### [DATA RECORDS]
↓↓↓
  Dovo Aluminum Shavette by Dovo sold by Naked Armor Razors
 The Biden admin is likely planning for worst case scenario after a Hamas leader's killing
↑↑↑
↓↓↓
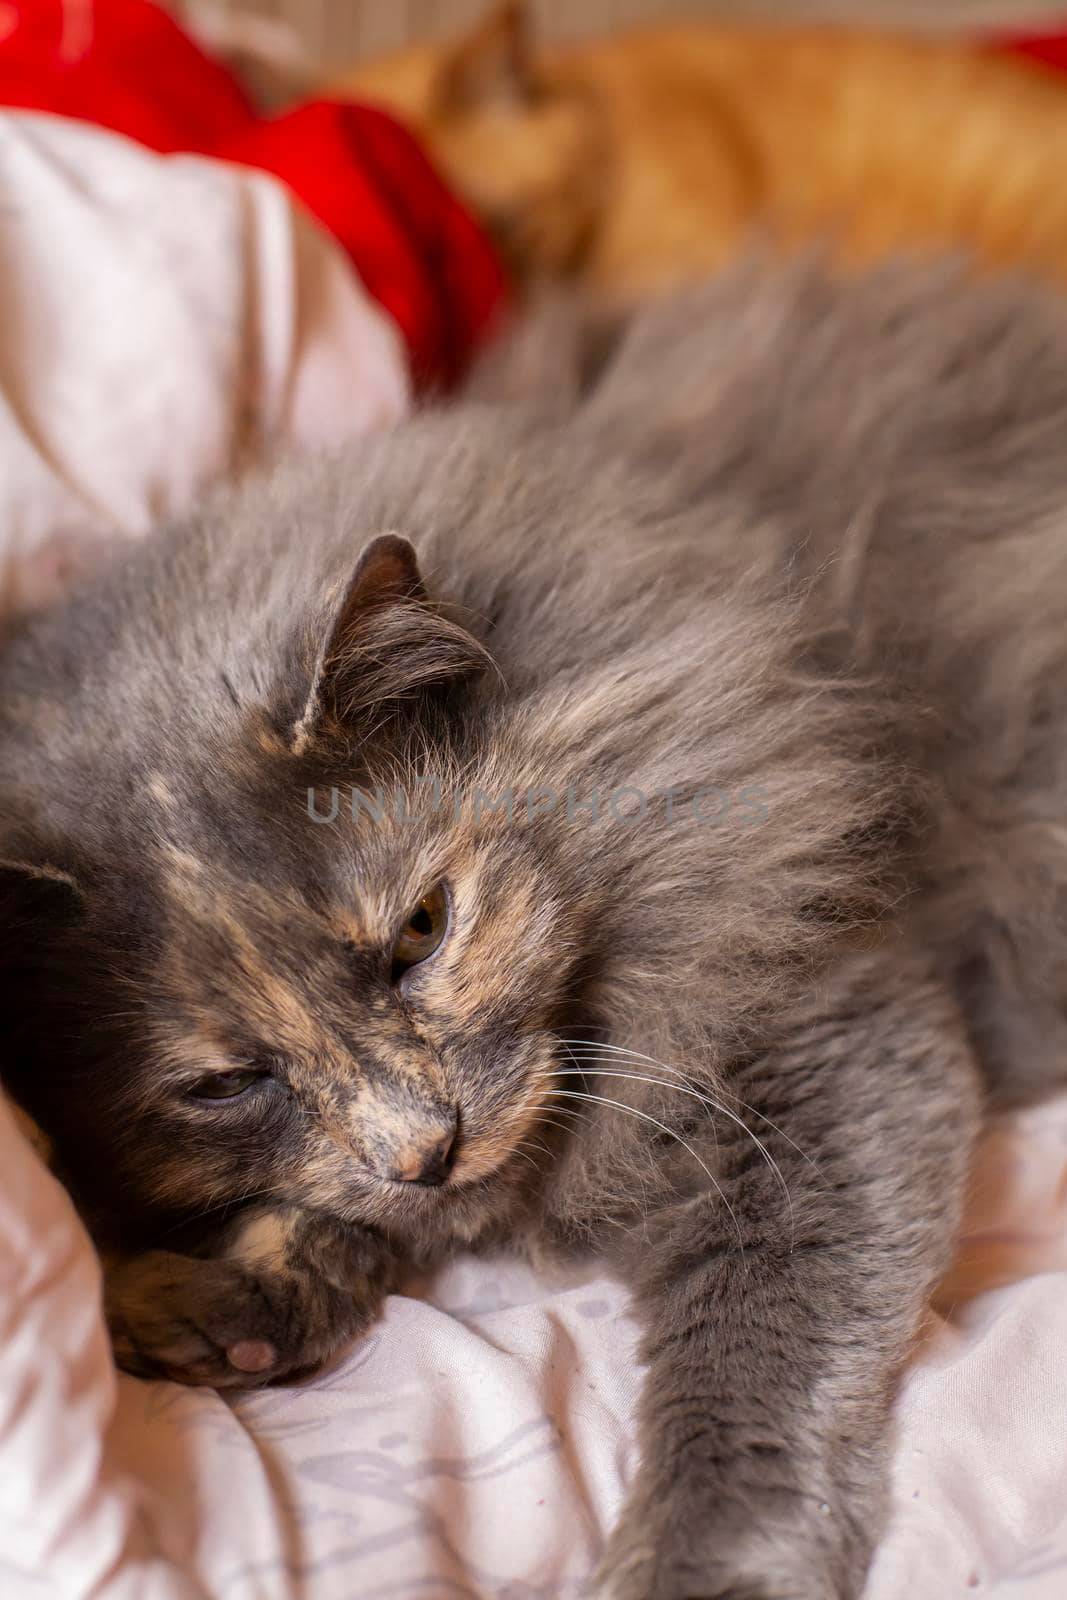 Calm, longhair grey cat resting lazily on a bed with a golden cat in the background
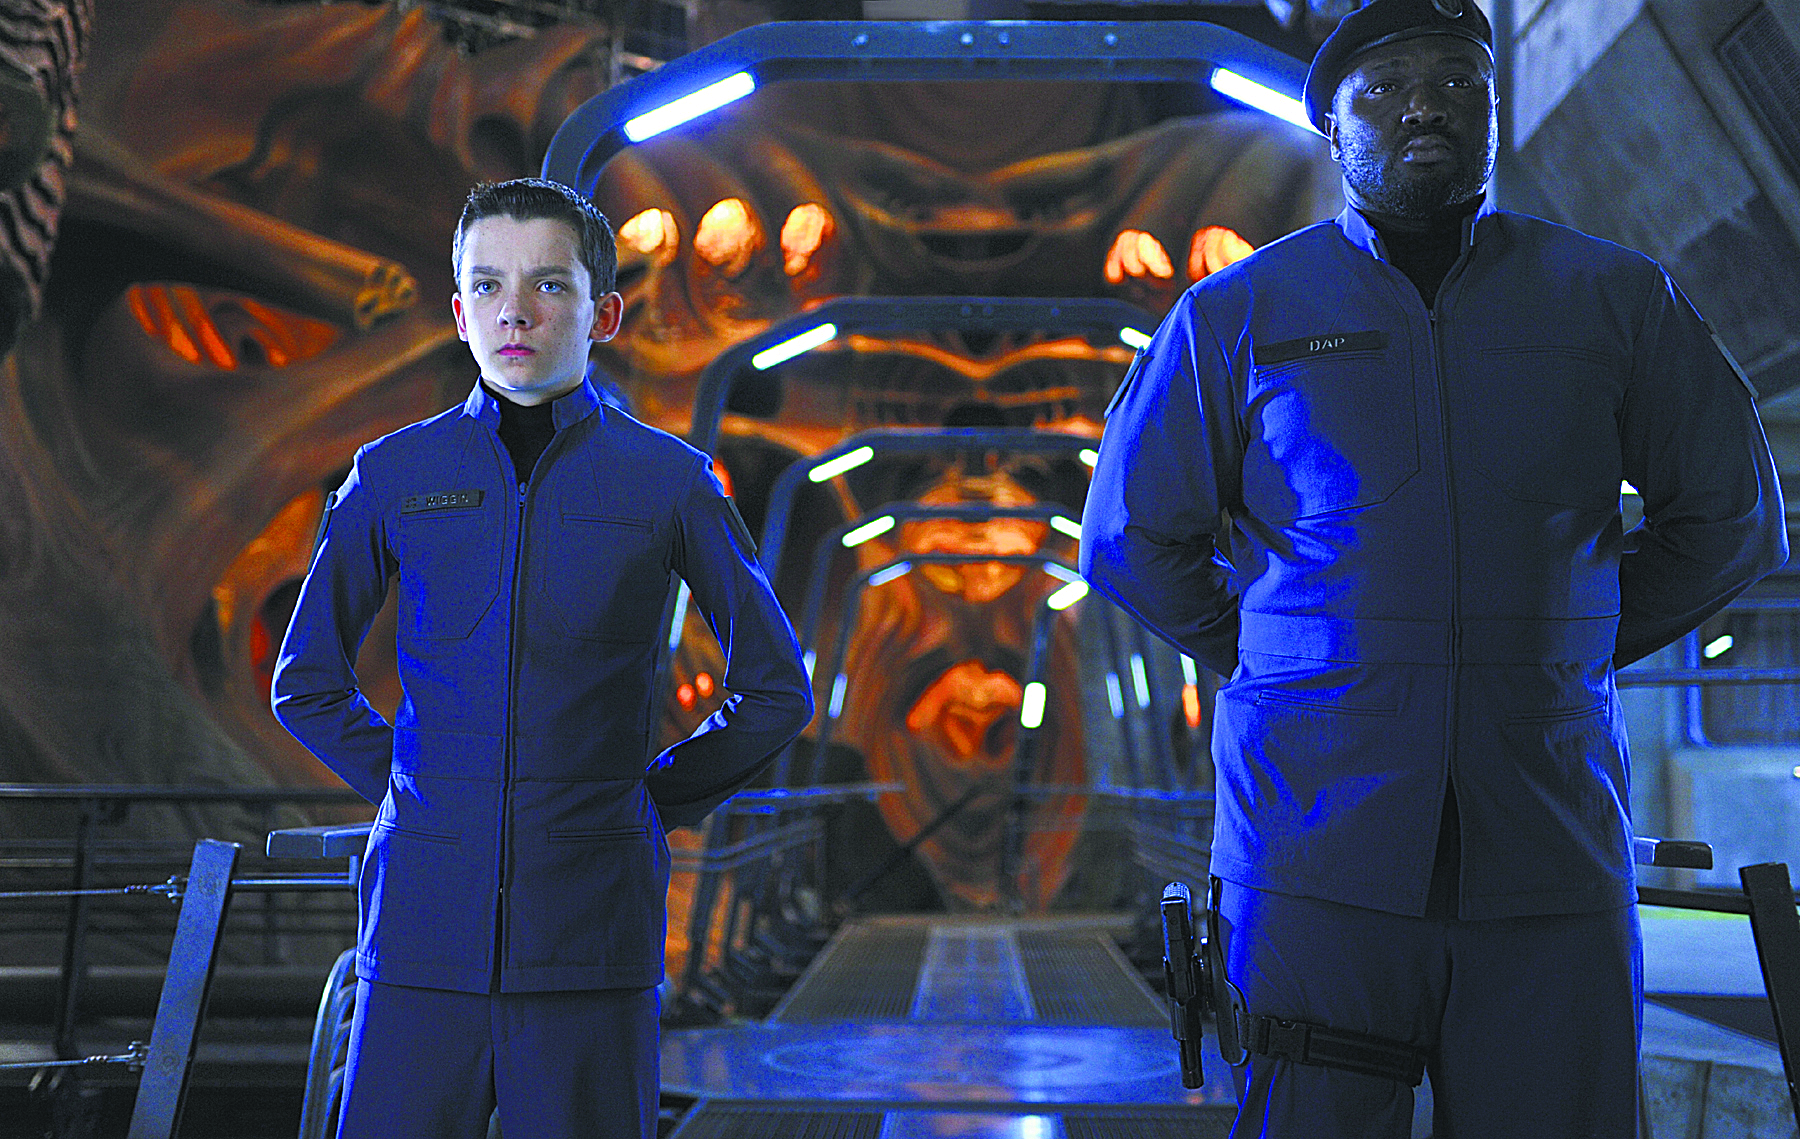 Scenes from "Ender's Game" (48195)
↑↑↑
### [AIM OF THE TASK]
Return exactly the lines above from the line that has "Dovo Aluminum Shavette" through the line that has "The Biden admin", inclusive, and nothing else.

### [RESPONSE BELOW]
  Dovo Aluminum Shavette by Dovo sold by Naked Armor Razors
 The Biden admin is likely planning for worst case scenario after a Hamas leader's killing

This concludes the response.